Binet clearly indicates how data from experience was used to establish a hierarchy of item difficulty. He makes special note of the requirement for “well-arranged” items expressing a “real order”. Binet also relied on “numerous” replications of ordered items in order to produce the level of accuracy he desired.

One might almost say, ‘It matters very little what the tests are so long as they are numerous’ (Binet, 1916, p. 329).

Binet clearly stressed (1) item arrangement by difficulty order, (2) numerous items, sufficient for precision. How else can one be successful? There is no other way except to do as Binet did: begin with an idea for a variable, illustrate the variable by items, arrange them by their intended difficulty, and measure persons by their locations among the items. The hallmark of Binet’s efforts is his early effort at benchmarking items and persons on a variable.

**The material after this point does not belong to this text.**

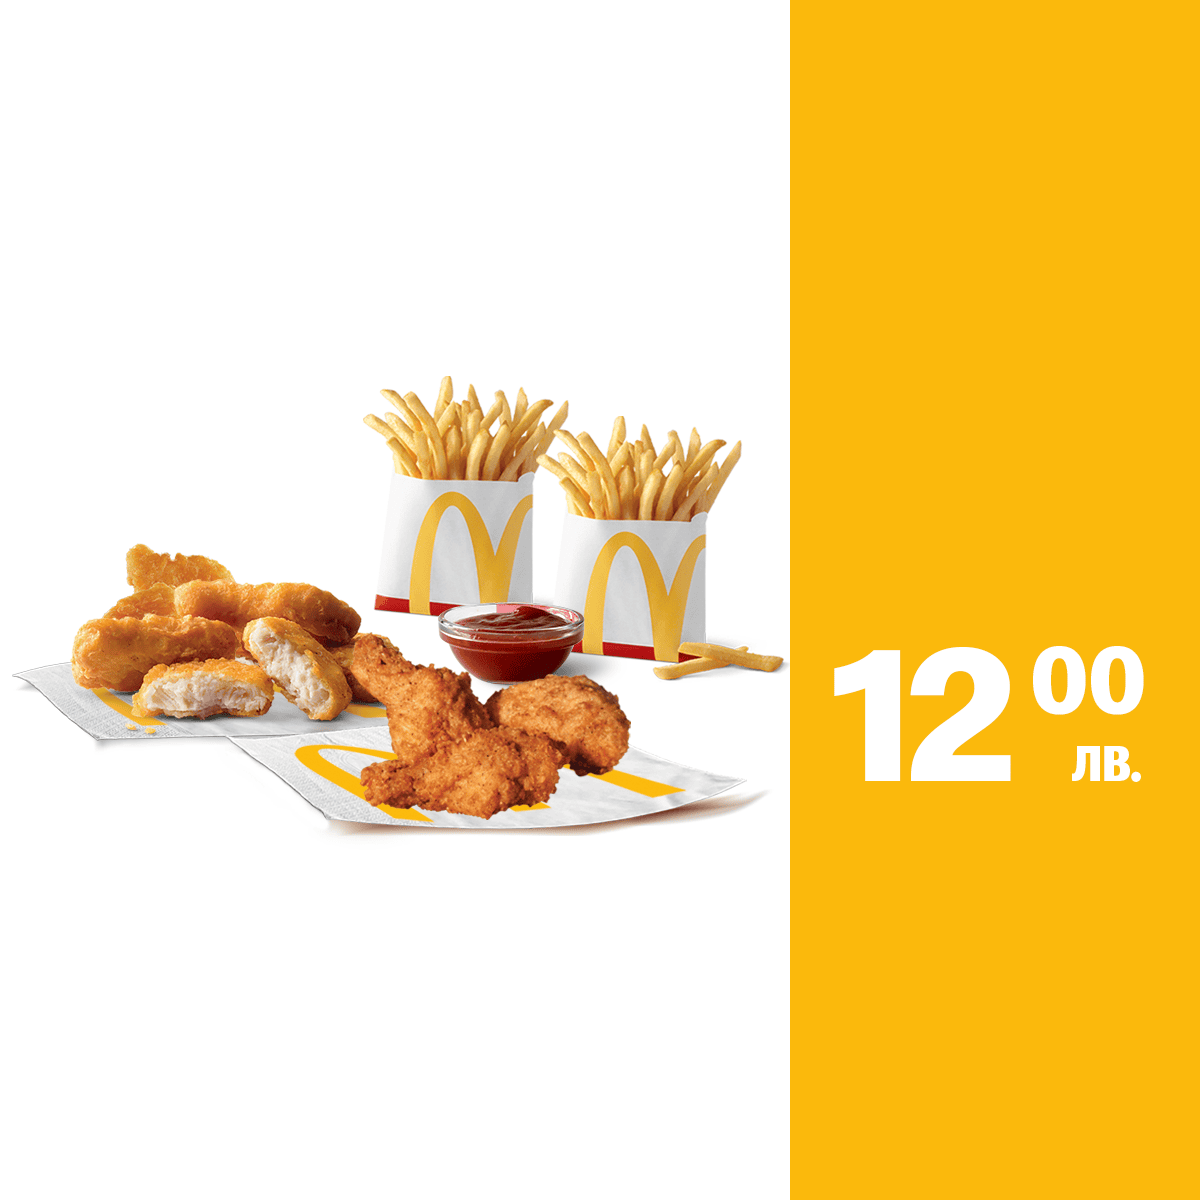 6-chicken-mcnugets-sauce-3-chicken-wings-2x-small-fries (1)

He must have had a mental map of what he intended, although there is no indicate of one in his writings.

An early example of a psychometric map is Thurstone’s “Scale of Seriousness of Offense” (1927, 1959) shown in Fig. 3. His map marks out the severity of offenses from “vagrancy” located at the bottom end to “rape” at the top.

Fig. 3
figure 3

Scale of seriousness of offense. From Thurstone (1959, p. 75)

The scale is further subdivided into three offense categories: (1) sex offenses, located at the top of the scale, (2) injury to the person, located from the top to the middle, and (3) property offenses, located from the middle of the scale and down. Thurstone’s map provides insight into a hierarchy of criminal acts and a practical “ruler” for determining, not only the location of offenses, but the “distance” between them.

Figure 4 is a map of an achievement variable: WRAT3 (Wilkinson, 1993). This test of achievement measures (1) word naming, (2) arithmetic computation, and (3) spelling from dictation. Items are arranged according to difficulty These maps progress from left to right indicating increases in item difficult and person ability. The arrangement of items indicates the expected arrangement of persons according to their abilities. Less able persons will be located to the left of more able persons. Able persons will find the items on the left easier than those items further along to the right. These three variables follow developmental lines of learning, correspond to instructional goals and make test administration efficient and informative. The map of each WRAT3 variable is enhanced by sample items illustrating progressive difficulty and below the items is an equal-interval scale indicating the measures.

Fig. 4
figure 4

Wide range achievement test: WRAT3. From Wilkinson (1993). The Wide Range Achievement Test (1993 Edition). Wilmington, DE: Wide Range

These maps have immediate application. Like the marks made on a door jamb to show the increasing height of a child, this map shows student progress on three achievement variables. The maps show order to the items and measures. Progress of pupils along this educational ruler is enhanced by criterion and normative locations. The grade and age norms show growth. The map provides useful information to students, teachers and parents.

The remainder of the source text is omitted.